Re: ext3-0.0.2e released

From: Daniel Phillips (news-list.linux.kernel@innominate.de)
Date: Sat Jul 29 2000 - 08:11:57 EST


David Gould wrote:
>
> On Tue, Jul 25, 2000 at 12:16:42PM +0200, Daniel Phillips wrote:
> > Please excuse me for the delay in responding to this...
>
> Me too...
>
> > "Stephen C. Tweedie" wrote:
> > >
> > > On Thu, Jul 06, 2000 at 09:19:58PM +0100, Steve Whitehouse wrote:
> > > > can you explain "phase tree" and/or give a reference ?
> > >
> > > For a reference, wait until ALS and see the ext2-derived filesystem
> > > report. :-)
> > 
> > Which is when I'll deliver my white paper on Tux2fs - thanks for
> > being mysterious and building up the anticpation. ;-)
> >
> > > For basic background, look up some of the WAFL white papers from
> > > NetApps. The basic idea is an old database one: you have your
> > > filesystem in a tree, and whenever you modify the tree, you write into
> > > new blocks. Then the next level up in the tree --- which contains
> > > pointers to the old blocks --- gets modified to point to the new
> > > blocks, and those changes too get written to new blocks, so you then
> > > need to update the pointers in the _next_ level up the tree.
> > >
> > > So you do your changes right up the tree, allocating all your new
> > > blocks in sequential order on disk somewhere (anywhere, unlike a LFS),
> > > and now all you need to do to make the entire new set of writes
> > > visible after a reboot is to move the root node pointer for the
> > > filesystem from the old root block to the new one.

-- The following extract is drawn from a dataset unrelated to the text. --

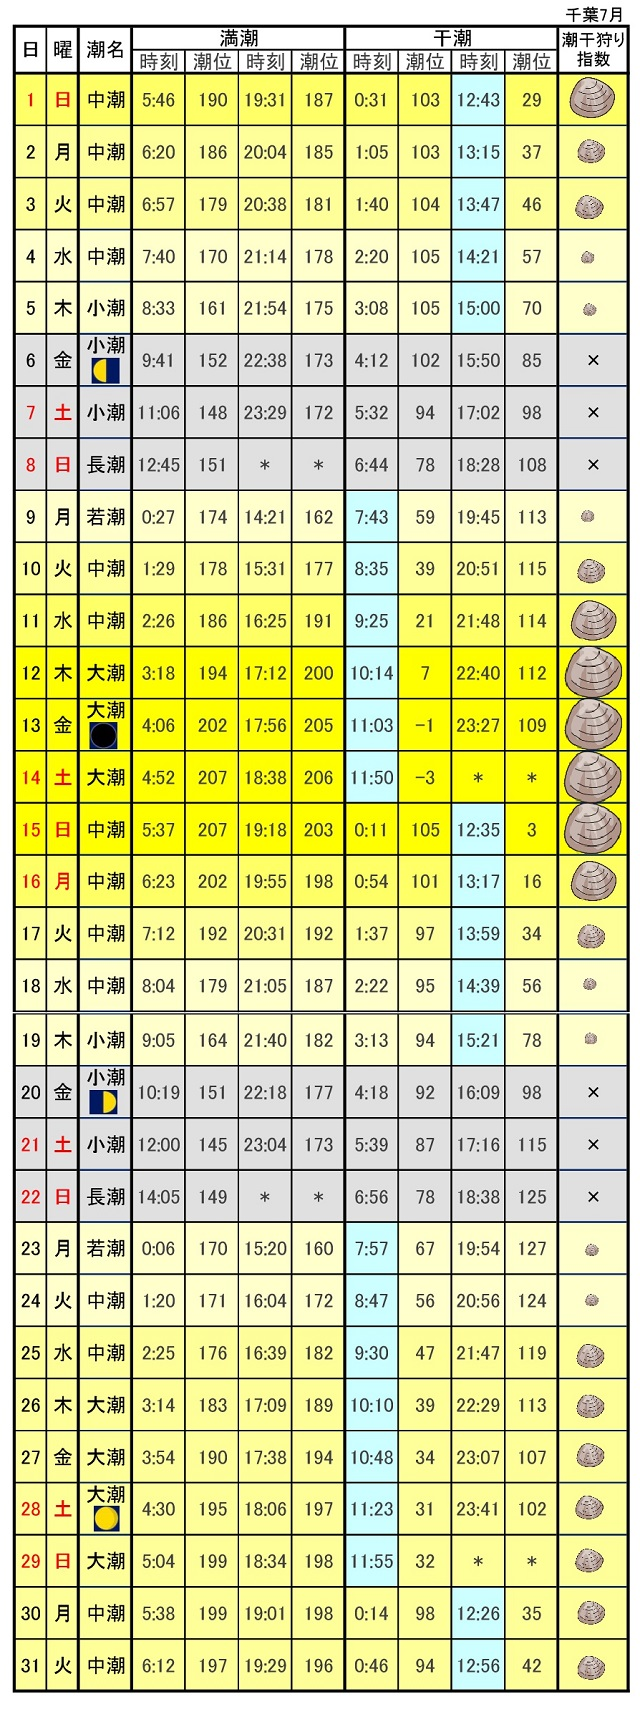 千葉県東京湾潮干狩り潮見表2018年7月

It's a beautiful
> > > mechanism for achieving transactional consistency, and it lends itself
>
> I had not heard the term "phase tree", but from your description is sounds
> exactly like what is often called "shadow paging". Which may make sense for
> file systems, but none of the commercial DB engines use it, probably because
> of the latency issues you mention.
>
> Or have I misunderstood?

I checked and no, it's not 'shadow paging', at least if I can rely this
description:

  http://lunar.cs.byu.edu/cs453/notes/html-15/tsld015.htm

Some assertions:

  "Disadvantages of shadow page over log-based:
  [...]
     Garbage collection: find all the garbage pages & add them
     to the list of ?free? pages, a committed transaction causes
     db pages containing data changed by the transaction
     inaccessible which become garbage (since they are not part
     of the free space & do not contain usable info.)
  [...]
     Difficult to be adapted for concurrent transactions"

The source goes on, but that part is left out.